Voth grew deeply frustrated. In August 2010, after the ATF in Texas
confiscated 80 guns—63 of them purchased in Arizona by the Fast and
Furious suspects— Voth got an e-mail from a colleague there: "Are you
all planning to stop some of these guys any time soon? That's a lot of
guns…Are you just letting these guns walk?"
Voth responded with barely suppressed rage: "Have I offended you in
some way? Because I am very offended by your e-mail. Define walk?
Without Probable Cause and concurrence from the USAO [U.S. Attorney's
Office] it is highway robbery if we take someone's property." He then
recounted the situation with the unemployed suspect who had bought the
sniper rifle. "We conducted a field interview and after calling the AUSA
[assistant U.S. Attorney] he said we did not have sufficient PC
[probable cause] to take the firearm so our suspect drove home with said
firearm in his car…any ideas on how we could not let that firearm
'walk'"?
Voth believed the wiretap could help bring the case to a swift and
successful close. On March 5, 2010, ten days before their first wiretap
was set to begin, Voth was in Washington, D.C., to brief ATF brass and
Justice Department officials on Fast and Furious. The response was
overwhelmingly positive. A senior ATF attorney wrote Voth, "This is
exactly the types of cases ATF should be doing with a wire, it is
fantastic."
The schism inside Phoenix Group VII
Voth returned to Phoenix fully expecting his team to unite for the
work that lay ahead. But instead he found a minor mutiny—over the
schedule for the wire, which needed to be monitored around the clock.

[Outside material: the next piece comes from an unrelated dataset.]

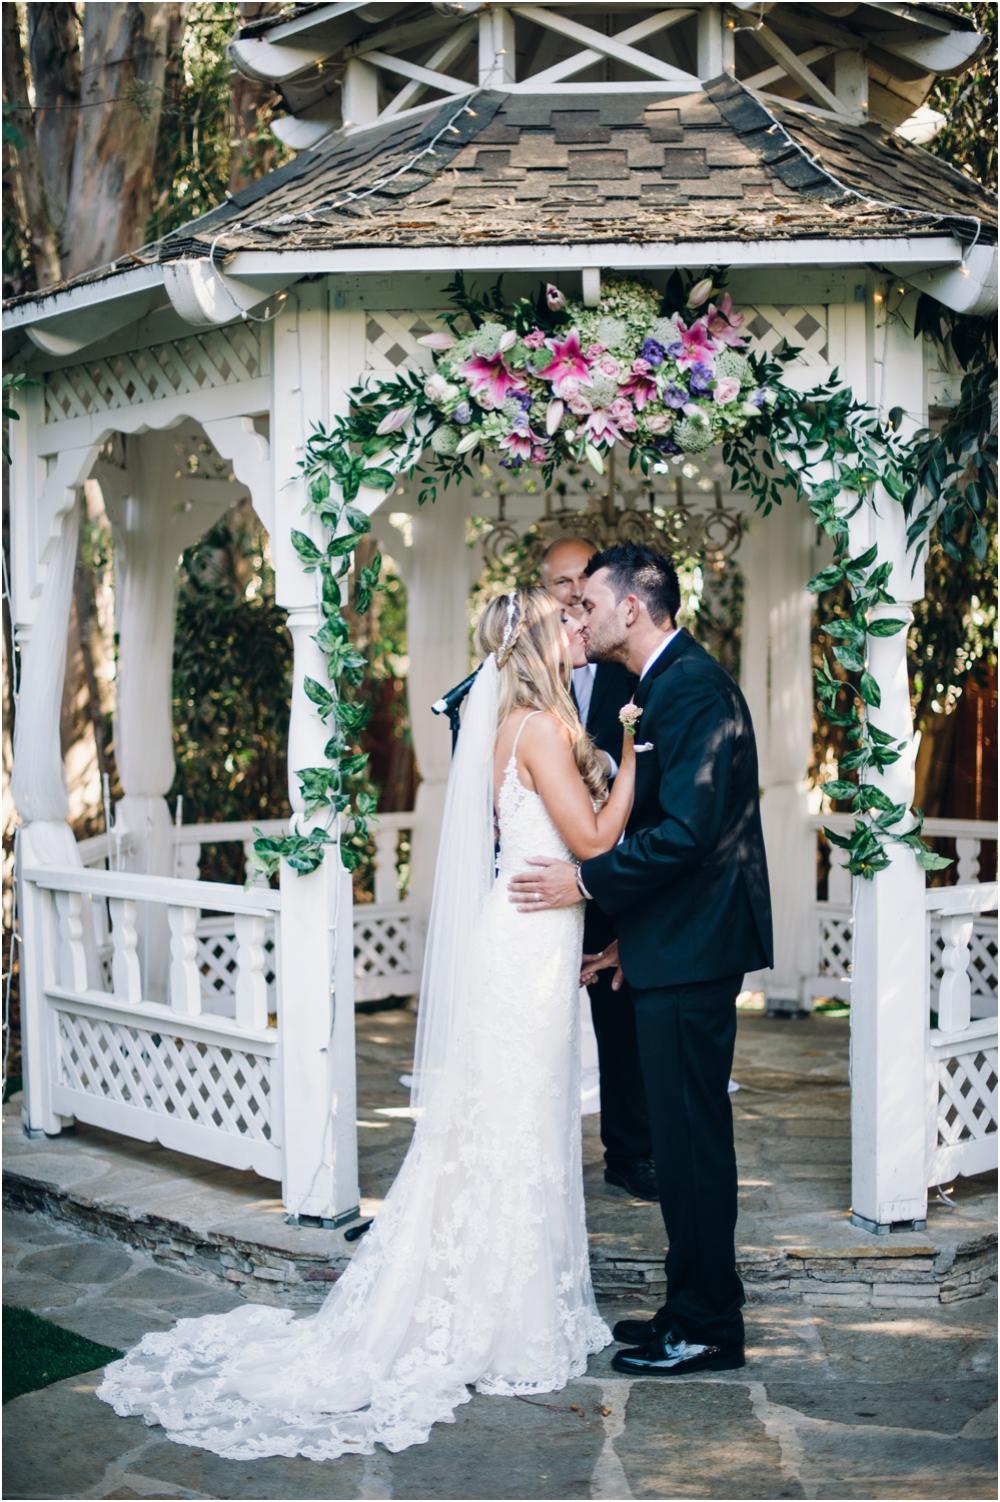 twin_oaks_weddings_photography_012.jpg

Dodson didn't want to work weekends. Casa felt his seniority should
exclude him from the effort.
Agents were getting pulled from other field offices to assist, and on
March 11, one wrote to ask Voth, "You're not going to give the
out-of-towners the crappy shifts, are you?" Voth responded, "I am
attempting to split the weekends so everyone has to work one of the two
days that way no one gets screwed too hard and everybody gets screwed a
little bit."
The next day, March 12, Voth sent out the wire schedule at 5:15 p.m.
but got such a blizzard of complaints about the shifts that, two hours
later, he sent another e-mail to the group. It read in part: "[T]here
may be a schism developing amongst the group. This is the time we all
need to pull together not drift apart. We are all entitled to our
respective (albeit different) opinions however we all need to get along
and realize we have a mission to accomplish. I am thrilled and proud
that our Group is the first ATF Southwest Border Group in the country to
be going up on [a] wire…I will be damned if this case is going to
suffer due to petty arguing, rumors or other adolescent behavior…I don't
know what all the issues are but we are all adults, we are all
professionals, and we have an exciting opportunity to use the biggest
tool in our law enforcement tool box. If you don't think this is fun
you're in the wrong line of work—period!
This is the pinnacle of domestic U.S. law-enforcement techniques. After this the tool box is empty."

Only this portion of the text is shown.